All face recognition result of described two field picture to be identified are screened, obtains the final recognition result of the facial image occurred in described target video.
The method that embodiment of the present disclosure provides and device can comprise following beneficial effect:
(1) in one embodiment, Face datection is carried out by the detection frame treated in processing target video, the facial image in detection and localization frame; The tracking frame treated in processing target video by the face information obtained based on detection again carries out face tracking, determines it is comprised face information in tracking frame; The detection frame and tracking frame that include face information are extracted from target video, and based on the model of cognition obtained in advance, recognition of face is carried out to the two field picture to be identified extracted, and recognition result is screened, obtain final face recognition result.Thus achieve final face recognition result shown to user, with to point out in user video there is the information of performer, the method effectively improves recognition of face efficiency.

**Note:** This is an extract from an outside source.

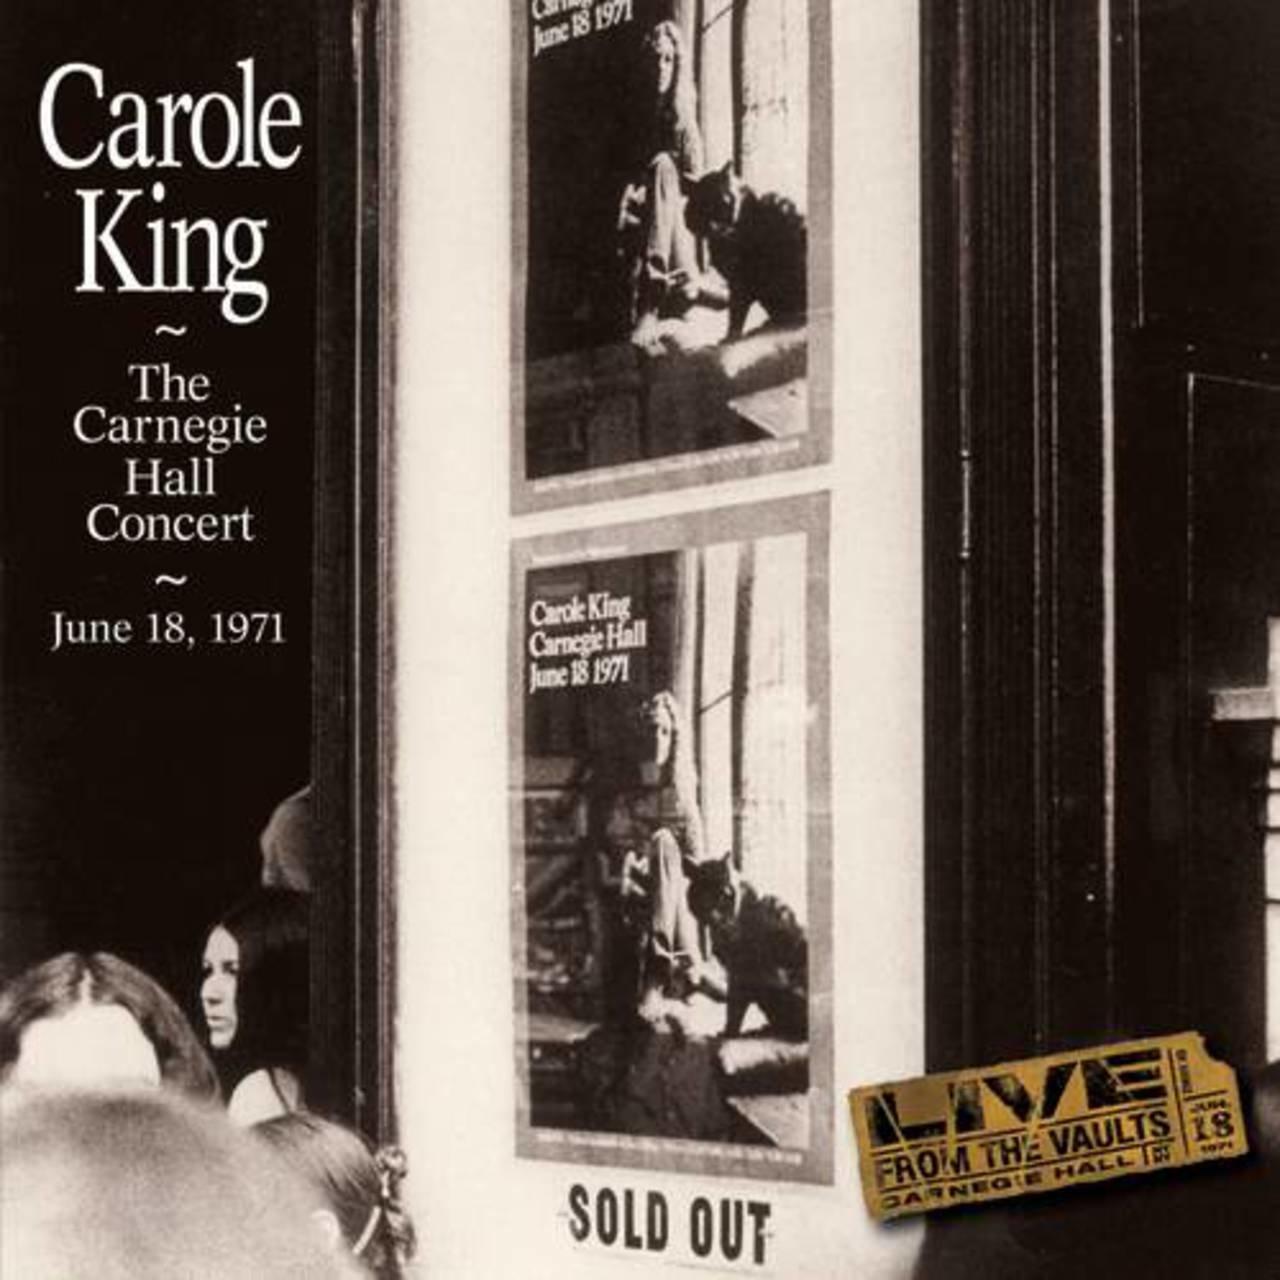 Carole King The Carnegie Hall Concert June 18, 1971 / Carole King TIDAL Part 66

(2) in another embodiment, detect frame and tracking frame by being divided into by target video, wherein, detecting frame is after carrying out predetermined interval division to target video, the frame corresponding to each division points; Tracking frame is that in target video, removing detects the frame of video outside frame.Thus comprehensive facial image location is carried out to target video, providing data to be identified as much as possible for identifying, improving the accuracy identified.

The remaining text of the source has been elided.